So far in these pages, we have considered samples of the Fourier transform at discrete frequences ($ \omega = \frac{2\pi}{N} k $). Now we want to consider the Fourier Transform of the discrete input at continuous frequency defined as the following:
$$ H(\omega) = \sum_{n\in \mathbb{Z}} h_n \exp \left( -j\omega n \right) $$Note that this is periodic, $H(\omega)=H(\omega+2\pi)$.
The discrete convolution of infinite sequences $ x_n $ and $ h_n $ is defined as
$$ y_n = \sum_{k\in \mathbb{Z}} x_k^* h_{n-k} $$where the asterisk superscript denotes complex conjugation. If we have a finite filter length of $ M $ ($ h_n =0, \forall n \notin \{0,1,...,M-1\} $), then the filter output reduces to
$$ y_n = \sum_{k=0}^{M-1} h_k x_{n-k} $$Note this is closely related to but not the same as the circular convolution we have already discussed because there is no wrap-around. However, because it is very efficient to compute this using a DFT, we need to relate these two versions of convolution.
If $x_n$ is nonzero for $ P $ samples, then the output $ y_n $ is non-zero only for $ P+M-1 $ samples. Thus, if we zero-pad each sequence out to this length, take the DFT, multiply the DFTs, and then invert the DFTs, we obtain the results of this non-circular convolution. Let's code this up below using our last example.
h=ones(ma_length)/ma_length # filter sequence
yc=fft.ifft(fft.fft(h,len(x)+len(h)-1)*np.conj(fft.fft(x,len(x)+len(h)-1))).real
fig,ax=subplots()
fig.set_size_inches((10,2))
ax.plot(n,yc[ma_length-1:],'o-',label='DFT method')
ax.plot(n,y,label='lfilter')
ax.set_title('DFT method vs. signal.lfilter',fontsize=18)

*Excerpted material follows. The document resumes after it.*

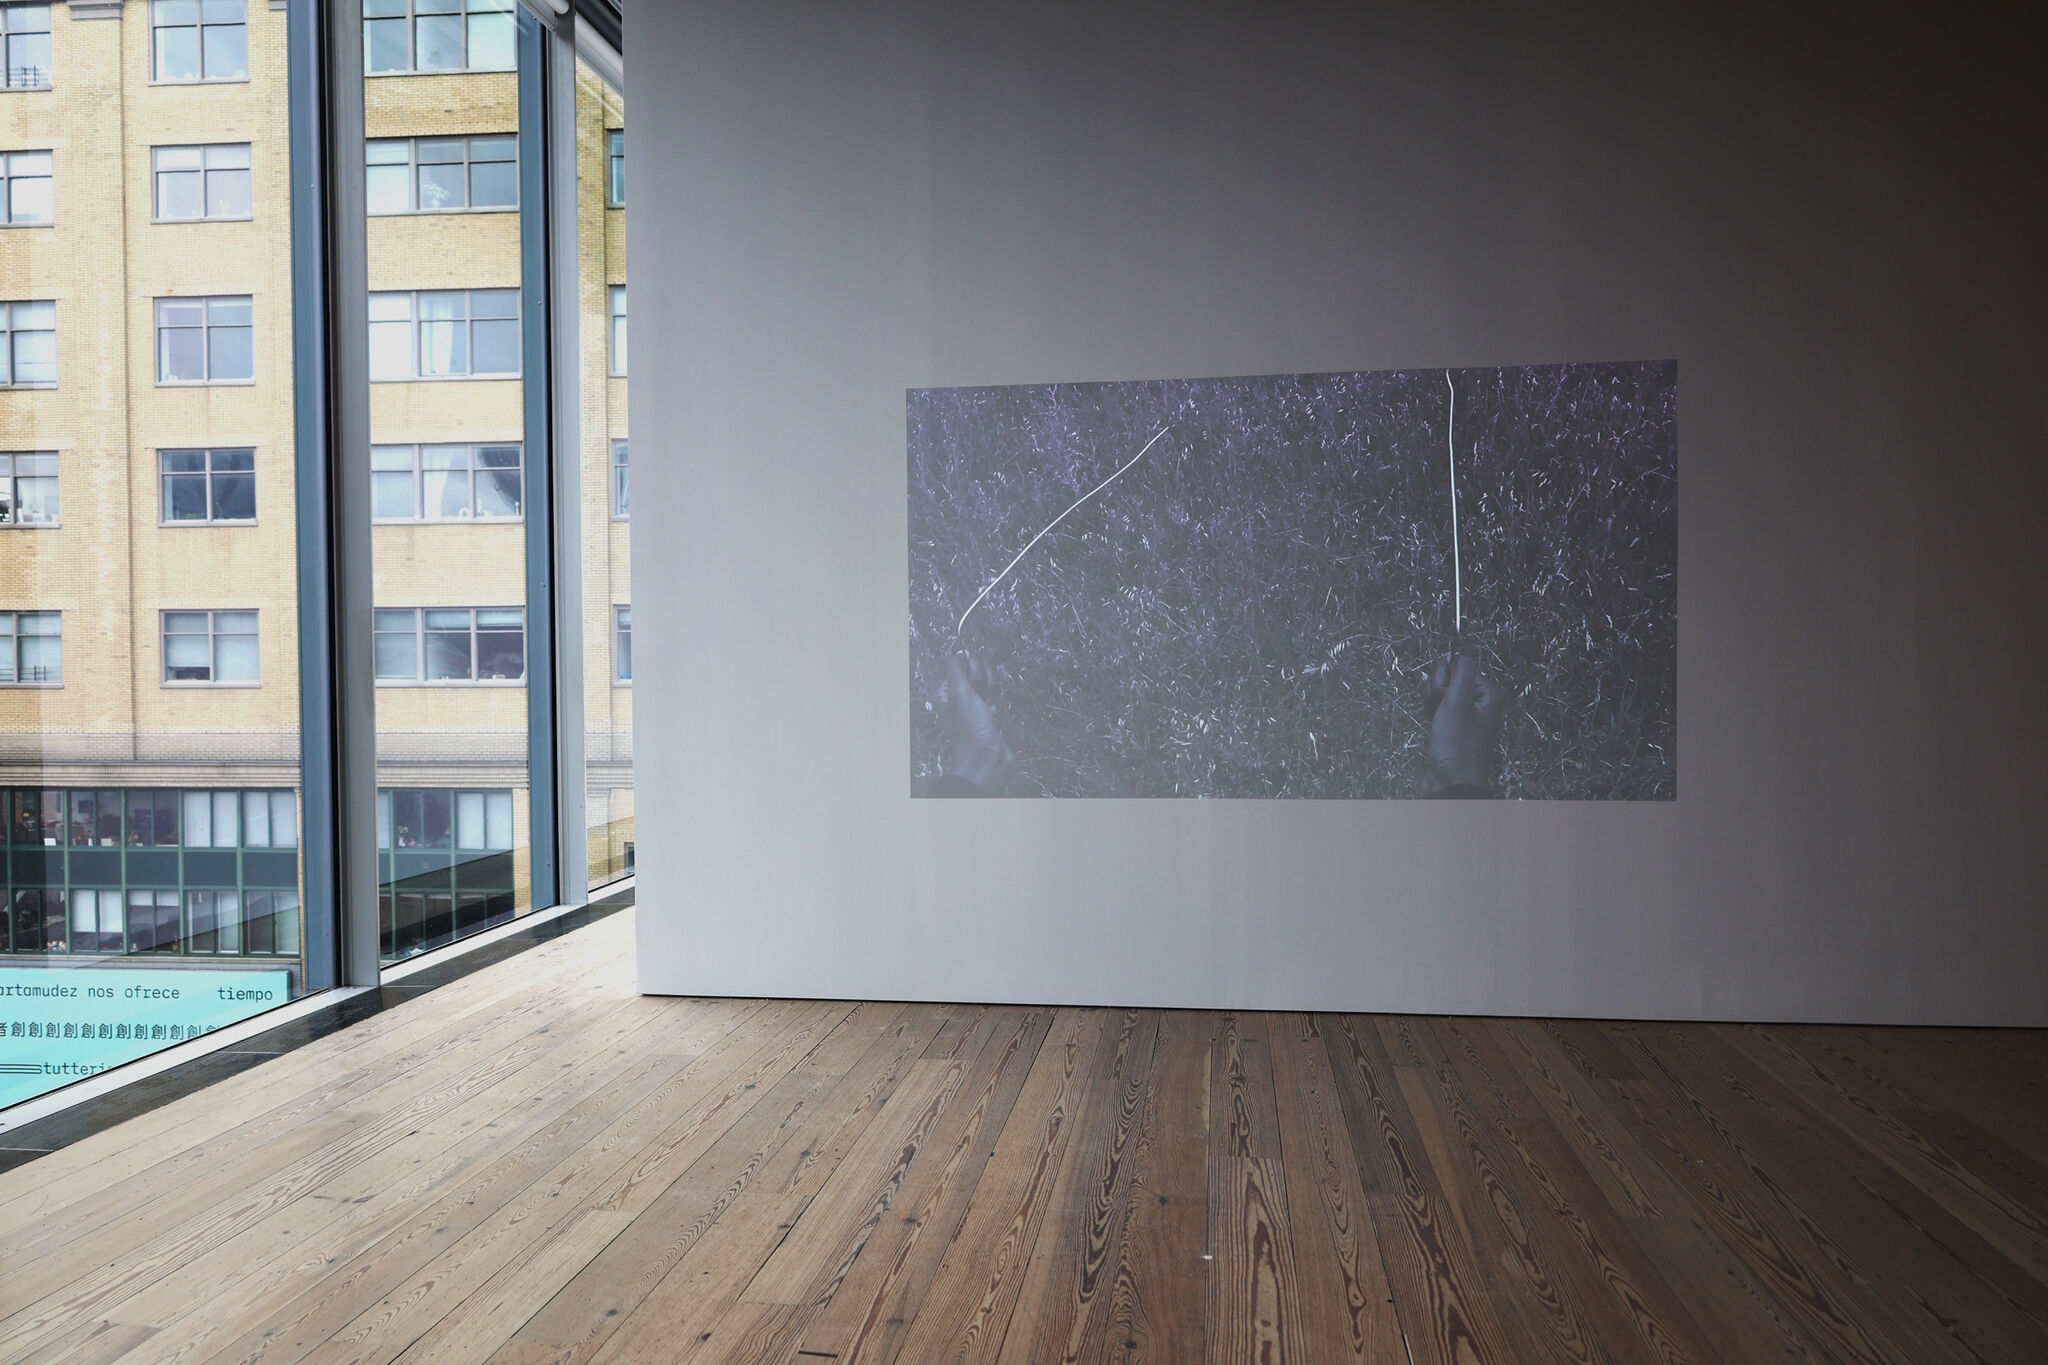 Modern gallery interior with a video projected on a white wall, wooden floor, and large windows overlooking a brick building.

ax.set_xlabel('n',fontsize=18)
ax.set_ylabel('amplitude',fontsize=18)
ax.legend(loc=0)
ax.set_xticks(n);
# fig.savefig('figure_00@.png', bbox_inches='tight', dpi=300)

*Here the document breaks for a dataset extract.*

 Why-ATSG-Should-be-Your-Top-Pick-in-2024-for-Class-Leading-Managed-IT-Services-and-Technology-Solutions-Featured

[<matplotlib.axis.XTick at 0x7097f50>, <matplotlib.axis.XTick at 0x71f3650>, <matplotlib.axis.XTick at 0x7547790>, <matplotlib.axis.XTick at 0x7547bb0>, <matplotlib.axis.XTick at 0x7543050>, <matplotlib.axis.XTick at 0x75434d0>, <matplotlib.axis.XTick at 0x75437d0>, <matplotlib.axis.XTick at 0x7543c50>, <matplotlib.axis.XTick at 0x75da0f0>, <matplotlib.axis.XTick at 0x75da570>, <matplotlib.axis.XTick at 0x75da9d0>, <matplotlib.axis.XTick at 0x75dae50>, <matplotlib.axis.XTick at 0x75de2f0>, <matplotlib.axis.XTick at 0x75de770>, <matplotlib.axis.XTick at 0x75debf0>, <matplotlib.axis.XTick at 0x75e4090>, <matplotlib.axis.XTick at 0x75e4510>, <matplotlib.axis.XTick at 0x75e4990>, <matplotlib.axis.XTick at 0x75e4e10>, <matplotlib.axis.XTick at 0x75eb2b0>, <matplotlib.axis.XTick at 0x75eb730>, <matplotlib.axis.XTick at 0x75ebbb0>, <matplotlib.axis.XTick at 0x75f1050>, <matplotlib.axis.XTick at 0x75f14d0>, <matplotlib.axis.XTick at 0x75f1950>, <matplotlib.axis.XTick at 0x75f1dd0>, <matplotlib.axis.XTick at 0x75f8270>, <matplotlib.axis.XTick at 0x75f86f0>, <matplotlib.axis.XTick at 0x75f8b70>, <matplotlib.axis.XTick at 0x75f8ff0>]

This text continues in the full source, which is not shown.